Living without excuses
Integrity is the essence of everything successful.
~ Richard Buckminster Fuller ~
Six years ago when I did the Colors Test for the first time, I struggled with my colors. In the outside world I am often seen as Orange. Internally, I struggle to live in blue and on paper, I turned up green. Gold, as my cupboards will affirm, is way down at the bottom.
Sometime ago, I worked on a project that was very near and dear to my heart. I spent hours, and hours, sorting through information, weighing options, fitting together pieces to create a beautiful and cohesive end product that would speak to the beauty and wonder of the person for whom I was creating this project.
My green allowed me to shut out the world and focus on what I needed to do to create the end product -- and believe me, there was so much information to go through, so many facets of the project to measure and weigh and put in order, I needed my green to help me do it.
And through it all my heart was engaged. This was a project for someone very very dear to me and I wanted it to be perfect.
My orange was just so excited about getting it done, and I was up against a very tight deadline, it kept urging me to say, Enough. It's done. I've given my best.
Even my gold had a say with its interruptions of -- this is not aligned, this doesn't fit, you can do better. My gold helped create the beauty my heart wanted to express.
The problem arose when, immersed in getting it done, I let go of the voice of reason and let my orange tell me it was time to get it out there. Have it seen -- without giving thought to the 'how' of how I was getting it out there. At the time, my green was still busy looking for more information. It wanted to keep working on it because it knew there was a better way to fit it all together, and that wee voice of gold knew it wasn't perfect yet. But orange and blue kept insisting the time for perfect was over and so I pushed green (and gold) aside and gave into my excitement. My blue was just so happy I'd created something so beautiful for this special someone, it wanted everyone to see it too, but for different reasons than the orange. It wanted everyone to know the wonder of the one who was showcased in this project.
My integrity lives in every colour, though my green likes to claim it. My rashness lives in my orange and my heart with its pounding roar drowns out the voice of reason in times of excitement.
I knew there was one piece of this project that I should/could fix. But I didn't have time I told myself. The deadline loomed and I needed to get it finished. And so, I let it go with that one piece unfixed. And then, the one for whom the project was intended saw it and was dismayed by this one piece -- they didn't like it.
My core tape leaped to the rescue. "You shoulda' known better." And my victim's voice leapt to its side. Nobody understands. They're just being ungrateful. You did your best. Don't they know how much effort you put into this? I mean, really. you're only human.
Truth is, I did know better. I did know I needed to fix that one element. But my colours were in conflict and I was not living in that place of harmony where I could feel my way through what I was doing, rather than think my way into, or out of, what needed to be done.

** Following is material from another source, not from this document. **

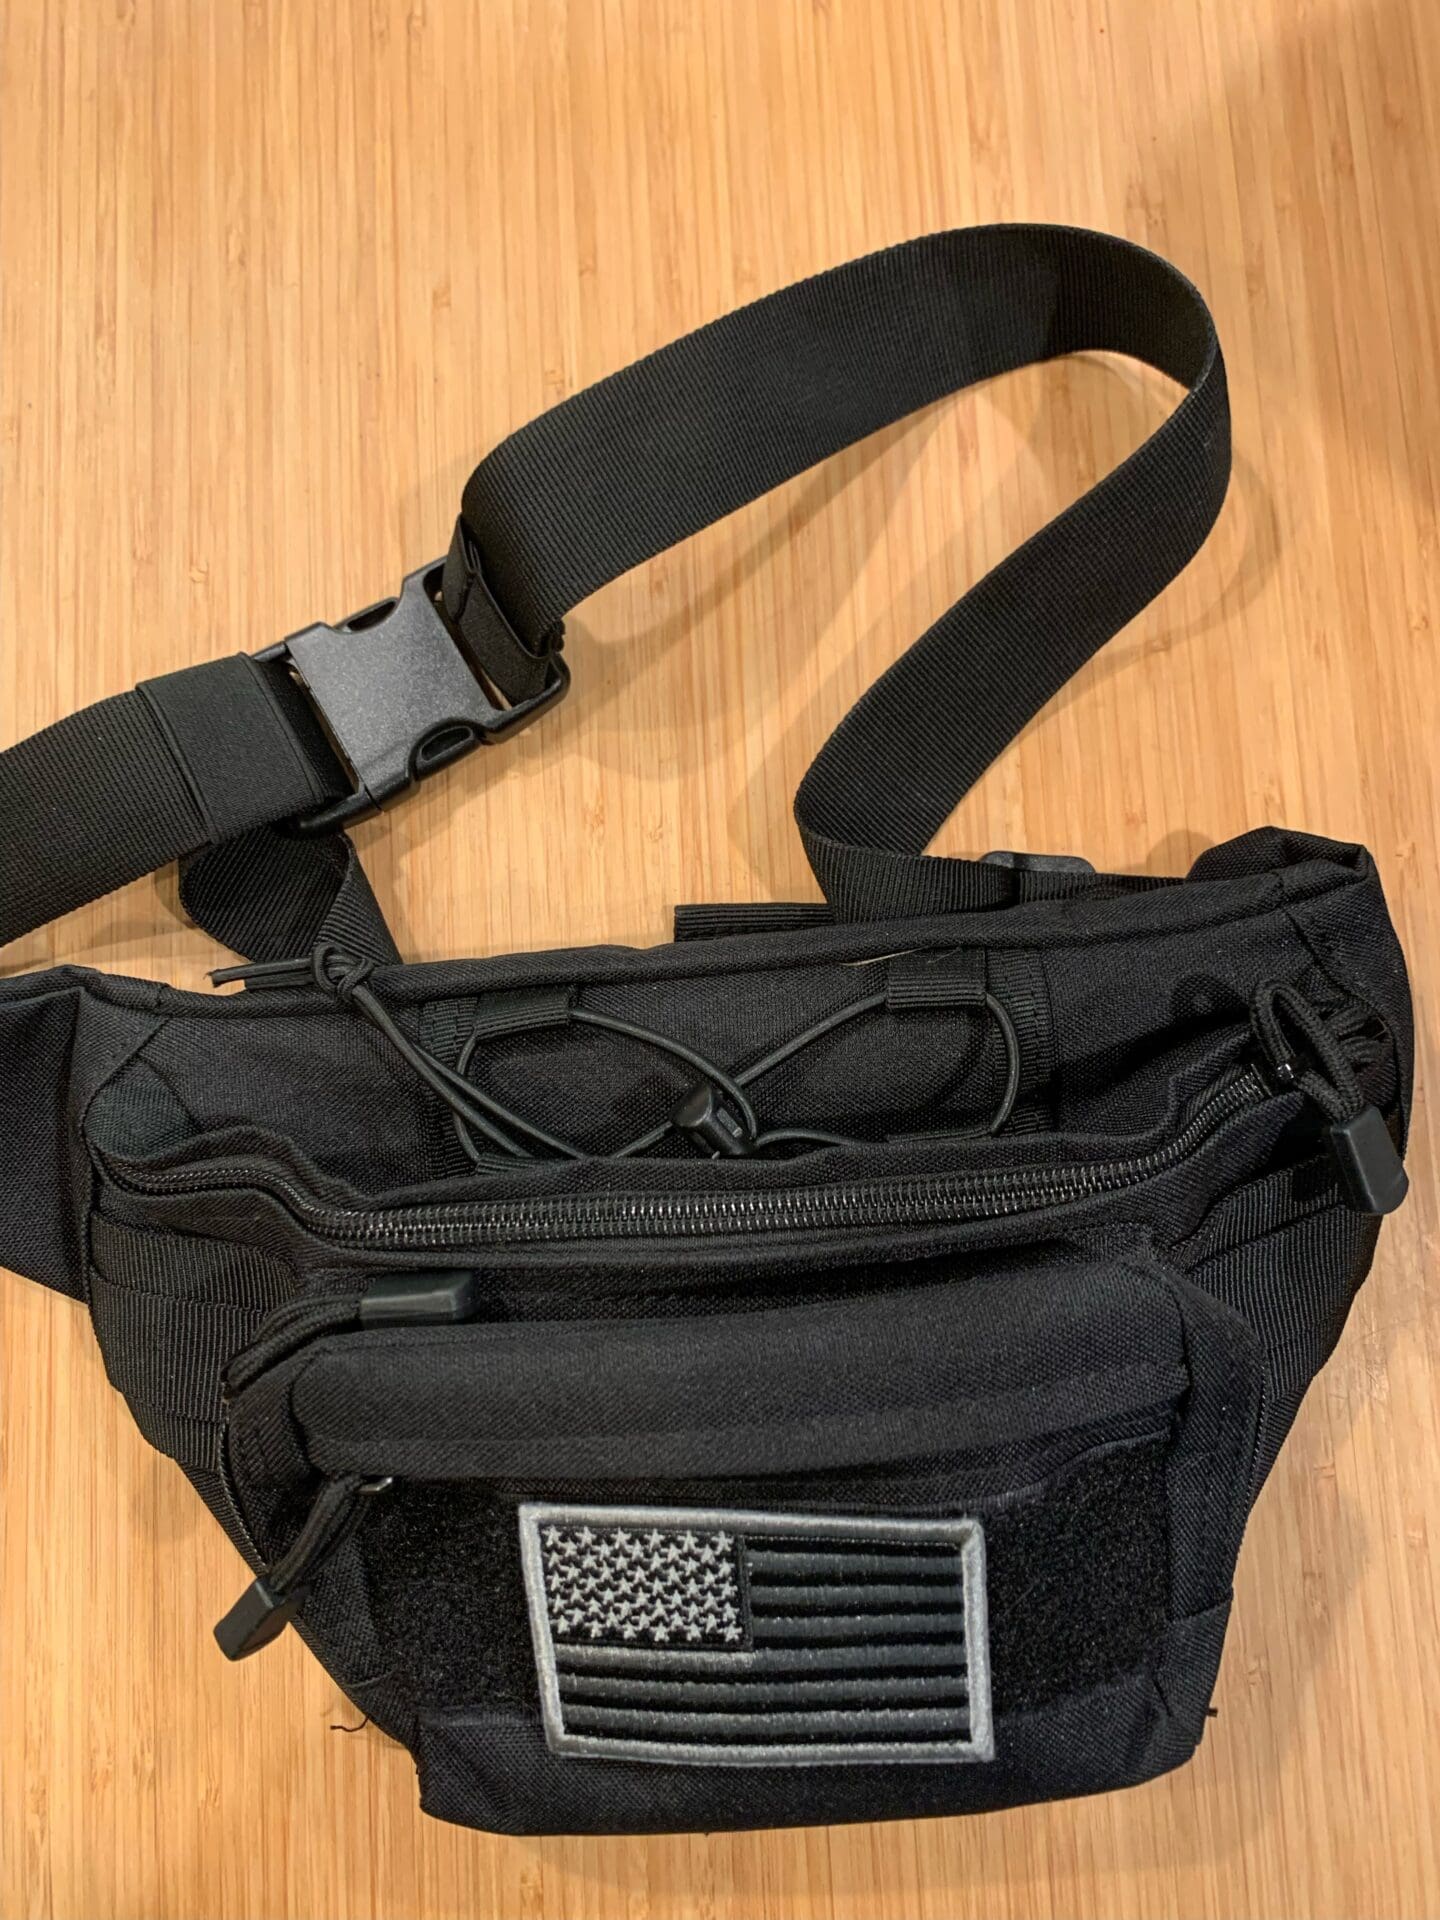 A black bag with an american flag on it.

Now, I'm not blaming my colours for what happened. In fact, this lesson isn't about blame, or even my colours. It is about living in my integrity -- regardless of the colours of my feelings, or the depth of my excuses.
When I began this project I had one intention -- to create something that spoke to my awe and love of this person. I wanted to create something that would touch their heart and open their mind to their wonder.
I lost sight of my intention when I let my excitement of what I had created override my intention to do something for another out of love, not ego.
In this instance I made a mistake that was not irrevocable, but it did cause the other person some distress -- which was not my intention -- and I did need to apologize with an open and loving heart, letting go of ego and any of the excuses I concocted to convince myself of my rightness.
It does not serve me well to make excuses, just as it doesn't serve me well to beat myself up for my mistakes. It serves me well to learn from mistakes. To grow from them. To embrace them and honour their teachings by recommitting to living my life with integrity, grace and love.
It is never too late to learn. Never to late to begin again. To apologize and forgive and move into that space where I live in balance. And, it's never too late to accept, life is a learning adventure. Getting the message means, letting go of the victim's voice to move into that place where I live without excuses, whatever colour I'm living.
The question is: Are your excuses holding you back from living your true colours freely, in Love?